If every entity on a network with an IP address is defined as a workload, a microservices environment can make the number of workloads explode. The sheer number of workloads that need to be monitored requires a solution that can scale to very large numbers.
Visualization is paramount
Monitoring a workload means two basic things: enforcing policy and visualization. But how do you visualize what applications are doing to each other across a large number of workloads? Visualizing workload communication cannot be dependent on network segmentation. In the case of microservices, the need for visualization extends beyond VM-to-VM traffic and needs to include communication between pods, nodes, and services when using Kubernetes or OpenShift to orchestrate container lifecycles.

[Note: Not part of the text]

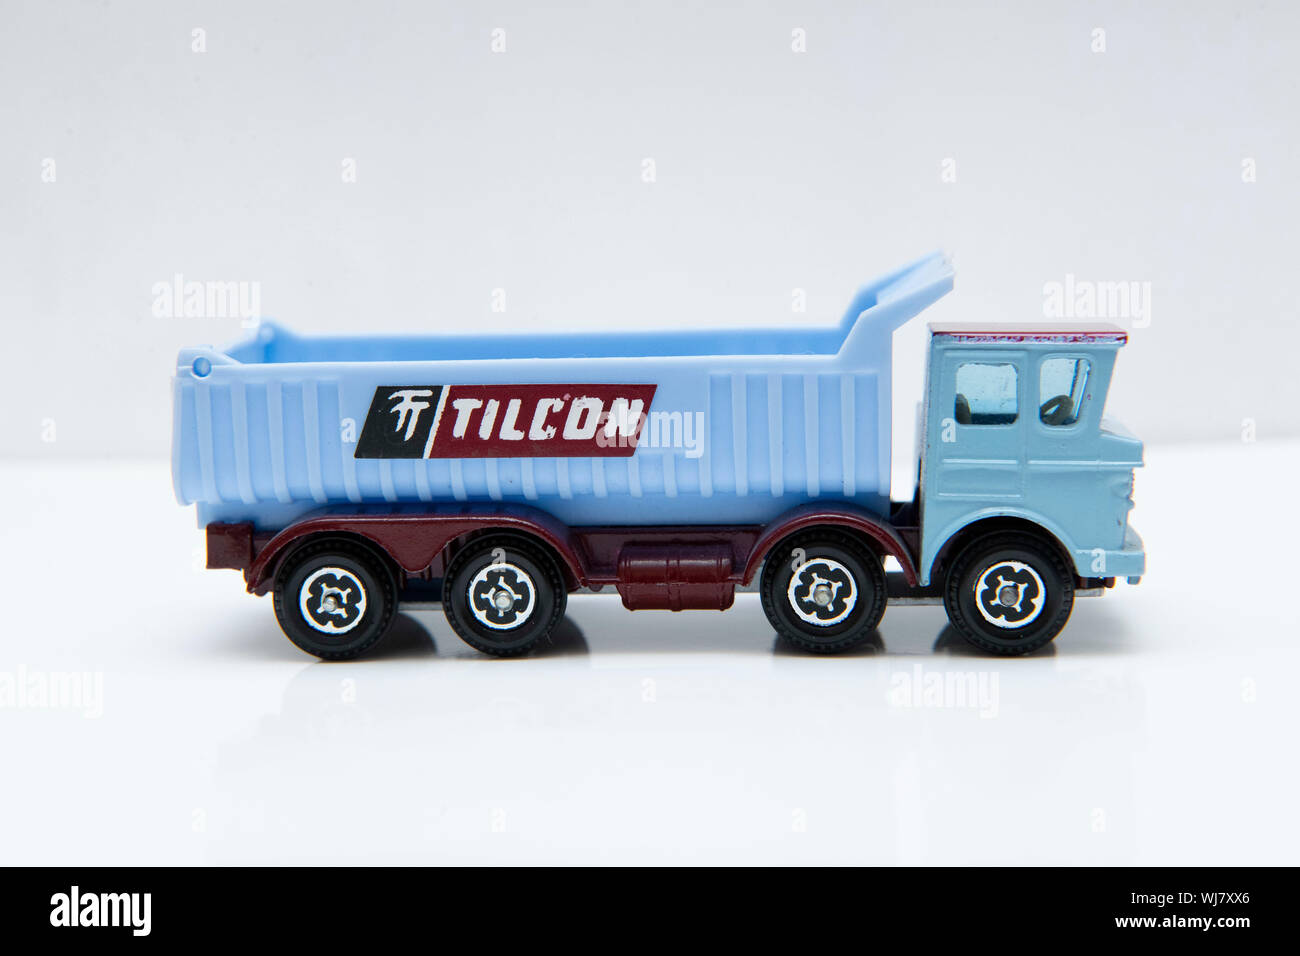 Lone Star Impy poden Half Cab 'Alimentación' Tilcon constructores Camión Volquete camión de juguete modelo Foto de stock

Heavy solutions, like Tetration, may enforce policy within a containerized environment, but visualizing application traffic within these constructs is limited. These solutions can often create a visual map of traffic between hosts, but the view stops there, and traffic between containerized constructs within a host is missing. On the other hand, a lightweight solution extends visibility all the way from bare-metal hosts into VMs and all containerized constructs within any host. All workloads, whether monolithic or containerized, are fully visible when Illumio, for example, builds its application dependency map.
Visualizing all application traffic and behavior, regardless of how it is hosted, is essential as your workloads evolve across hybrid cloud and different compute resources, across both on-premises data centers and public cloud fabrics. Visualization becomes more important as these details become more complex and dynamic, in order to create and enforce human-readable, declarative policy.
The bottom line
When deciding how to implement workload segmentation at scale and in an automated fashion, a lean and streamlined approach is the only viable option. Similar to how deploying a speedboat is sometimes a better choice than deploying a battleship if the goal is speed and agility on the water, the same applies to how micro-segmentation is deployed across modern hybrid clouds and compute fabrics. Reduce complexity and keep the solution “lightweight,” not “heavy”.